Re: trivariate DCC with VAR(1) MEAN EQUATIONS
Posted: Thu Aug 06, 2009 3:32 am
by gembala119
Dear Sir
After we do trivariate or bivariate garch model, how we make graphs of variance and covariance of bivariate or trivariate
thank you very much
kim
Re: trivariate DCC with VAR(1) MEAN EQUATIONS
Posted: Thu Aug 06, 2009 3:38 am
by xyzh
gembala119 wrote:Dear Sir
After we do trivariate or bivariate garch model, how we make graphs of variance and covariance of bivariate or trivariate
kim
you can graph the variance and covariance with RATs by using the command "graph" plus some options or you can print the results and graph it with Excel.
Re: trivariate DCC with VAR(1) MEAN EQUATIONS
Posted: Thu Aug 06, 2009 9:37 am
by TomDoan
gembala119 wrote:Dear Sir
After we do trivariate or bivariate garch model, how we make graphs of variance and covariance of bivariate or trivariate
thank you very much
kim
This is from GARCHMV.PRG which graphs the correlations from a multivariate GARCH, with grid lines at the CC estimates.
Code: Select all
*
* GARCHMV.PRG
* Manual Example 12.2
*
open data g10xrate.xls
data(format=xls,org=columns) 1 6237 usxjpn usxfra usxsui
*
set xjpn = 100.0*log(usxjpn/usxjpn{1})
set xfra = 100.0*log(usxfra/usxfra{1})
set xsui = 100.0*log(usxsui/usxsui{1})
*
garch(p=1,q=1,iters=200,hmatrices=hh) / xjpn xfra xsui
garch(p=1,q=1,mv=bek,method=bfgs,iters=200,pmethod=simplex,piters=10) / xjpn xfra xsui
garch(p=1,q=1,mv=diag,hmatrices=hd,rvectors=rd) / xjpn xfra xsui
garch(p=1,q=1,mv=cc) / xjpn xfra xsui
garch(p=1,q=1,mv=dcc,method=bfgs) / xjpn xfra xsui
*
* Compute the covariance matrix of the standardized residuals from
* the diagonal GARCH
*
set z1 = rd(t)(1)/sqrt(hd(t)(1,1))
set z2 = rd(t)(2)/sqrt(hd(t)(2,2))
set z3 = rd(t)(3)/sqrt(hd(t)(3,3))
vcv(matrix=cc)
# z1 z2 z3
*
* Compute the correlations from the multivariate GARCH
*
set rho12 = hh(t)(1,2)/sqrt(hh(t)(1,1)*hh(t)(2,2))
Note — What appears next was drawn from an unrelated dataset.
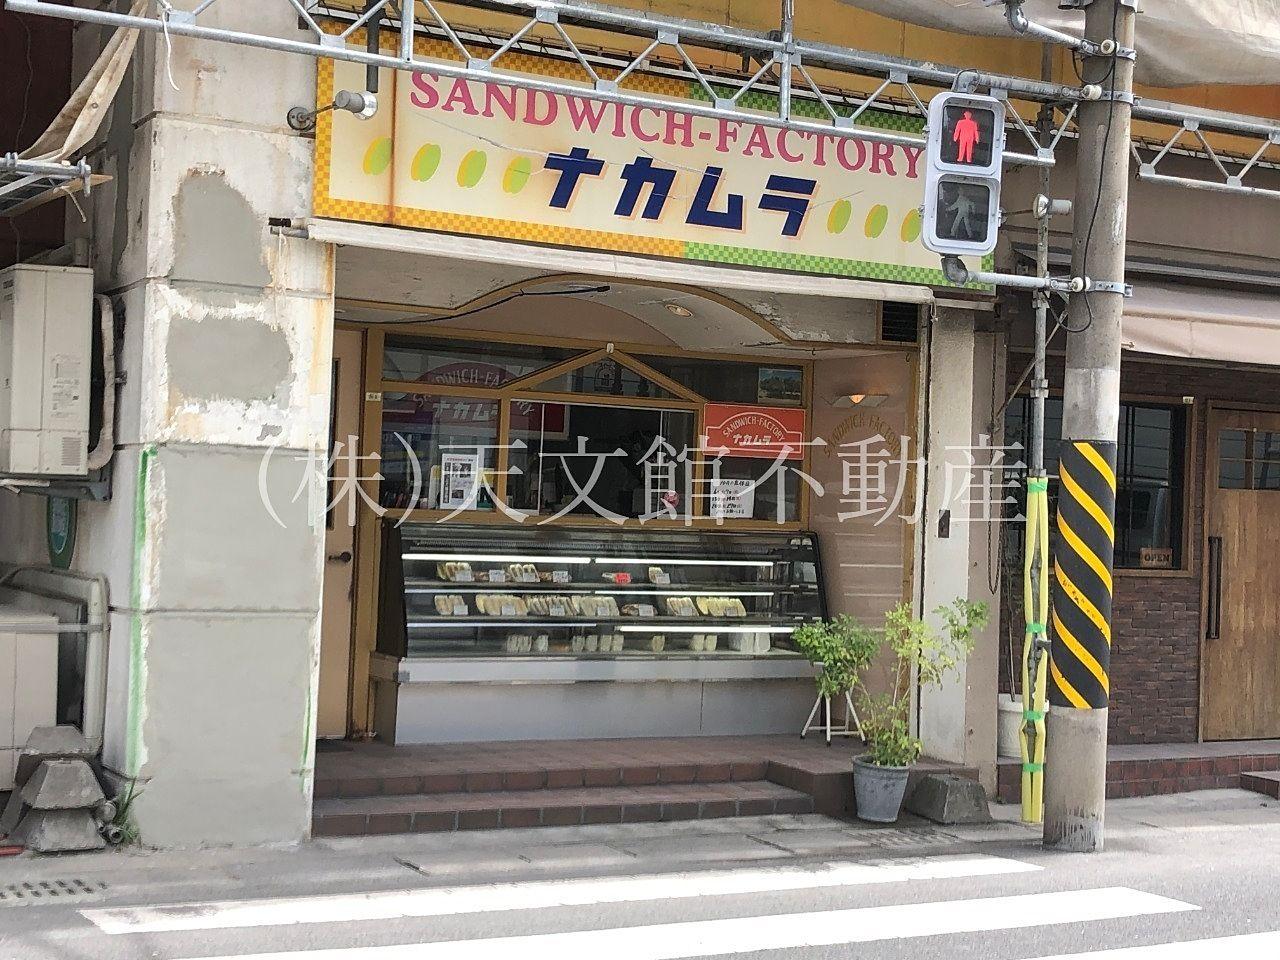 鹿児島市 天文館公園 軽食サンドイッチ 美味しい お土産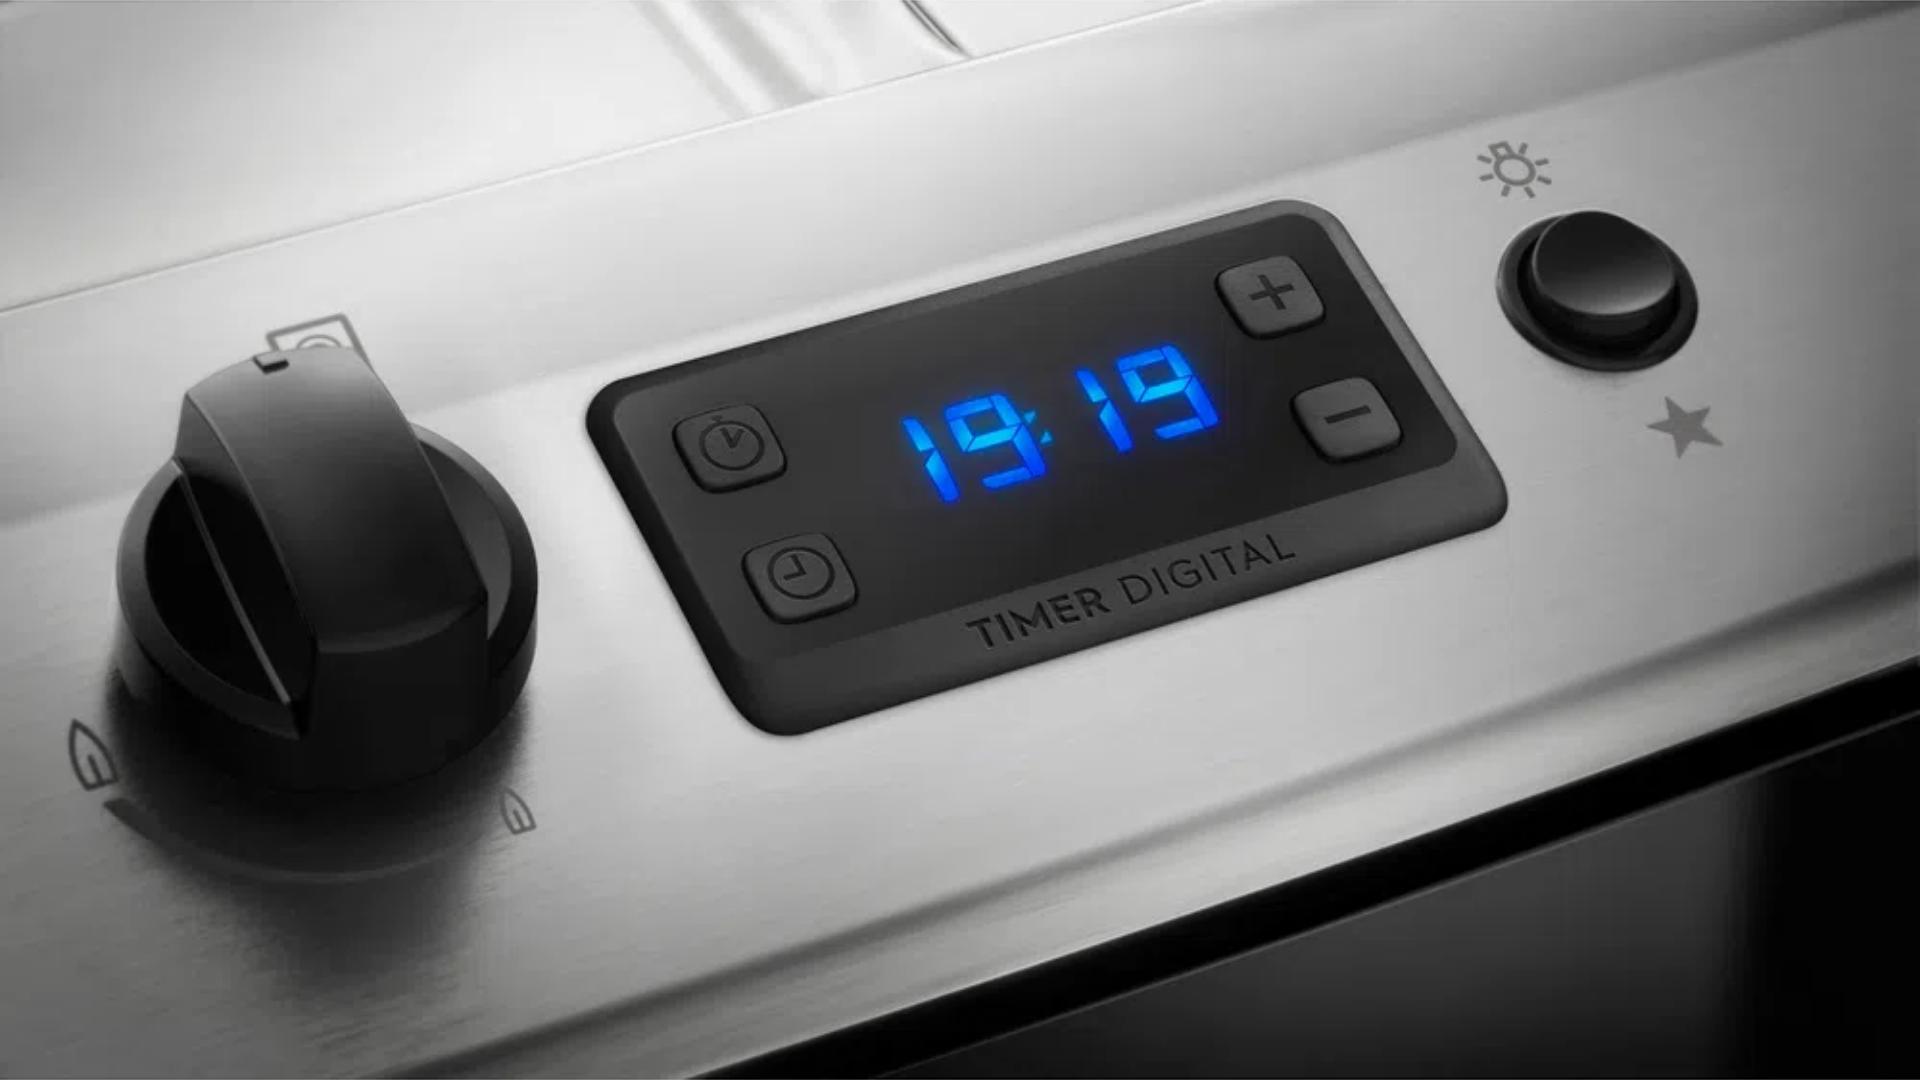 O timer digital garante que o tempo seja cronometrado e sinalizado com aviso sonoro (Imagem: Divulgação/Electrolux)

set rho13 = hh(t)(1,3)/sqrt(hh(t)(1,1)*hh(t)(3,3))
set rho23 = hh(t)(2,3)/sqrt(hh(t)(2,2)*hh(t)(3,3))
graph(header="Correlation of JPN with FRA",vgrid=||cc(1,2)||)
# rho12
graph(header="Correlation of JPN with SUI",vgrid=||cc(1,3)||)
# rho13
graph(header="Correlation of FRA with SUI",vgrid=||cc(2,3)||)
# rho23
You also might want to look at tsayp452.prg from the Tsay textbook examples.